Canarina is a genus of flowering plants within the family Campanulaceae.  They are herbaceous perennial vines with bell-shaped flowers. The best known species is Canarina canariensis from the laurel forests of the Canary Islands which is grown as an ornamental plant.  C. canariensis is one of a group of unrelated Canarian plants that appear to be adapted for bird pollination, including the members of the genera Isoplexis and Lotus. It was once thought that the original pollinators of these plants were sunbirds which had become extinct on the Canary Islands, explaining why some of these species are rare and considered endangered (Vogel 1954; Vogel et al. 1984; Olesen 1985; Valido et al. 2004).
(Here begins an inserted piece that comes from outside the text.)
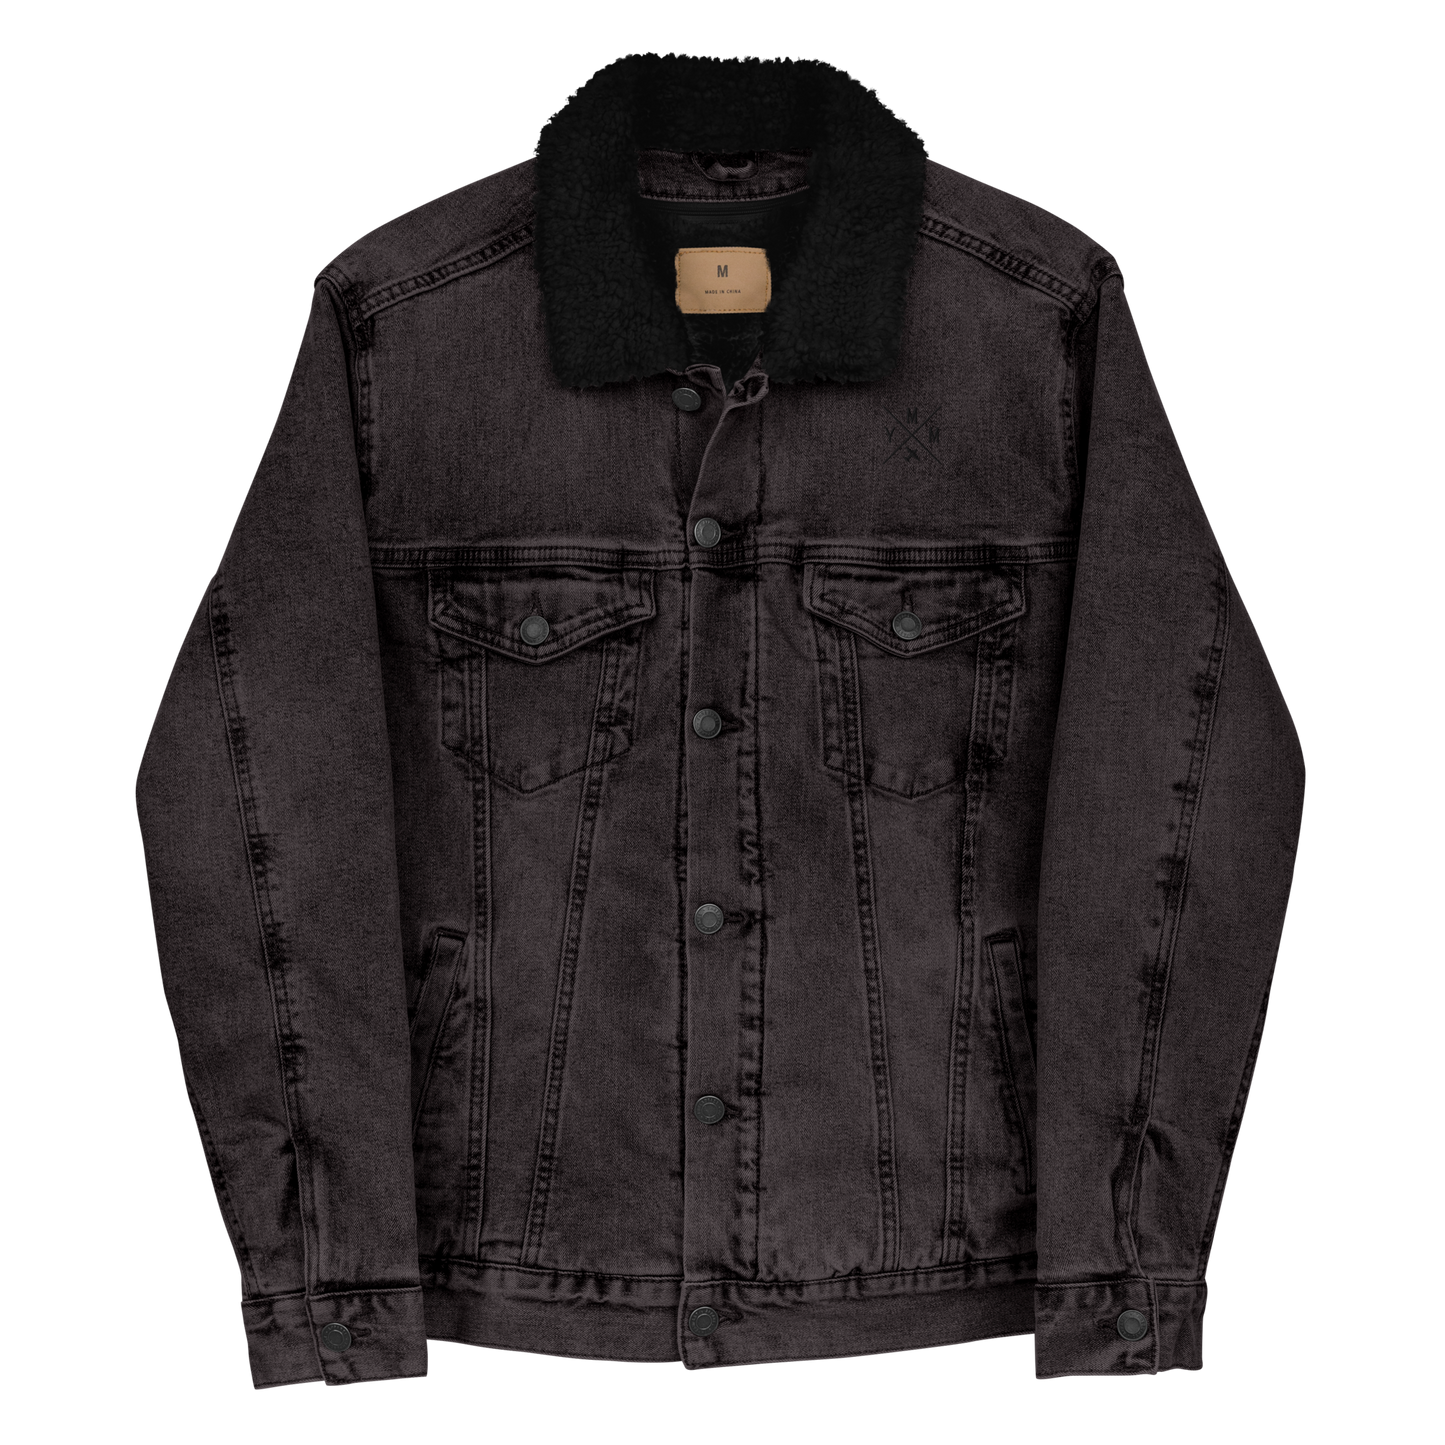 YHM Designs - YMM Fort McMurray Denim Sherpa Jacket - Crossed-X Design with Airport Code and Vintage Propliner - Black & White Embroidery - Image 06

However more recent work has shown that these plants are adequately pollinated by non-specialist flower visiting birds, particularly the Canary Islands chiffchaff (Phylloscopus canariensis) and the Canary Island spectacled warbler (Sylvia conspicillata orbitalis) (Olesen 1985; Ollerton et al. 2008), and in fact show some specific adaptations to infrequent pollination by these birds, such as extended flower lifespans (Ollerton et al. 2008), and a hexose-dominated sugar ratio of the nectar (Dupont et al. 2004).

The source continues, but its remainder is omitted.